Furthermore, the Nigerian Constitution (“Constitution”)[2] affords every citizen and residents of Nigeria access to fair hearing under section 36(1). On fair hearing, the Supreme Court of Nigeria in the case of Attorney-General of Rivers State v. Gregory Obi Ude[3] held that:

“A hearing of matter in court cannot be said to be fair if any of the parties appearing in court is refused a hearing or is denied the opportunity to be heard or present his case or call evidence.”

This right as provided by the Constitution has been incapacitated as many indigents have found it difficult to hire the services of a lawyer and the situation has accordingly promoted the violations of the human rights of the indigent.

Finally this article suggests a number of ways by which pro bono activities by lawyers could be promoted in Nigeria.

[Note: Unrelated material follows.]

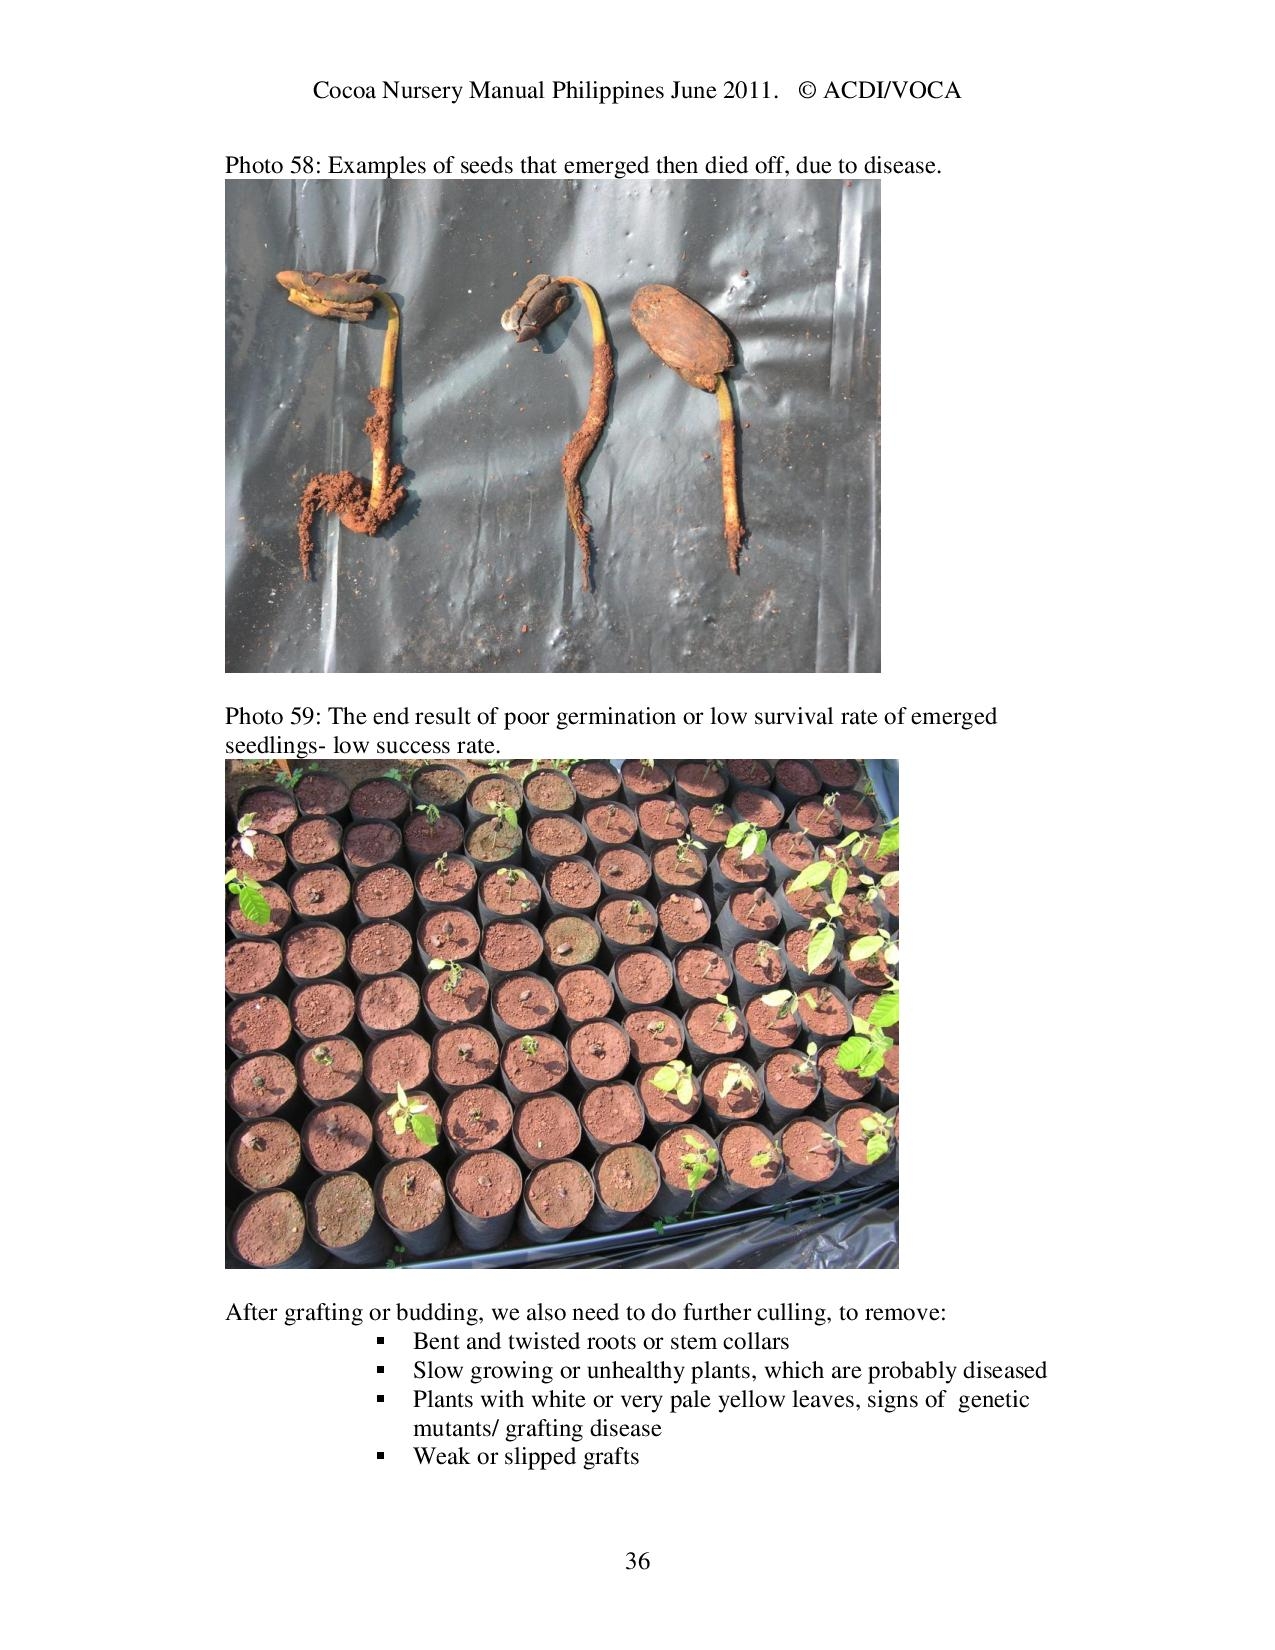 Cocoa-Nursery-Manual-2011_acdi-voca-page-036

The term “pro bono” is a commonly-used short form of the Latin phrase “pro bono publico” meaning “for the public good”. In the legal profession, it refers to a situation where lawyers volunteer or are mandated to provide a degree of free legal services to the indigent in order to further access to justice.

It should be said here that pro bono legal services should not be confused with legal aid. Legal aid is a government programme where government funding is used to provide legal representation to persons in certain categories of cases, after applying a means test which examines their financial resources.[4] Most legal aid representation takes place in criminal cases. The lawyers who represent people in legal aid cases do not work for free; they are either government employees or private legal practitioners who are paid out of government funds.[5]


Article 10 of the Universal Declaration of Human Rights, to which Nigeria is a party, states that:

Everyone is entitled in full equality to a fair and public hearing by an independent and impartial tribunal, in the determination of his rights and obligations and of any criminal charge against him.[6]

In addition, Article 14, paragraph 3 (d), of the International Covenant on Civil and Political Rights states that:

Everyone should be entitled, among other rights, “to be tried in his presence, and to defend himself in person or through legal assistance of his own choosing; to be informed, if he does not have legal assistance, of this right; and to have legal assistance assigned to him in any case where the interests of justice so require, and without payment by him in any such case if he does not have sufficient means to pay for it”.

Article 14 of the United Nations Principles and Guidelines on Access to Legal Aid in Criminal Justice Systems, 2012, on the responsibility of member states, provides that:

Recognizing that legal aid is an essential element of a functioning criminal justice system that is based on the rule of law, a foundation for the enjoyment of other rights, including the right to a fair trial, and an important safeguard that ensures fundamental fairness and public trust in the criminal justice process,14 States should guarantee the right to legal aid in their national legal systems at the highest possible level, including, where applicable, in the constitution.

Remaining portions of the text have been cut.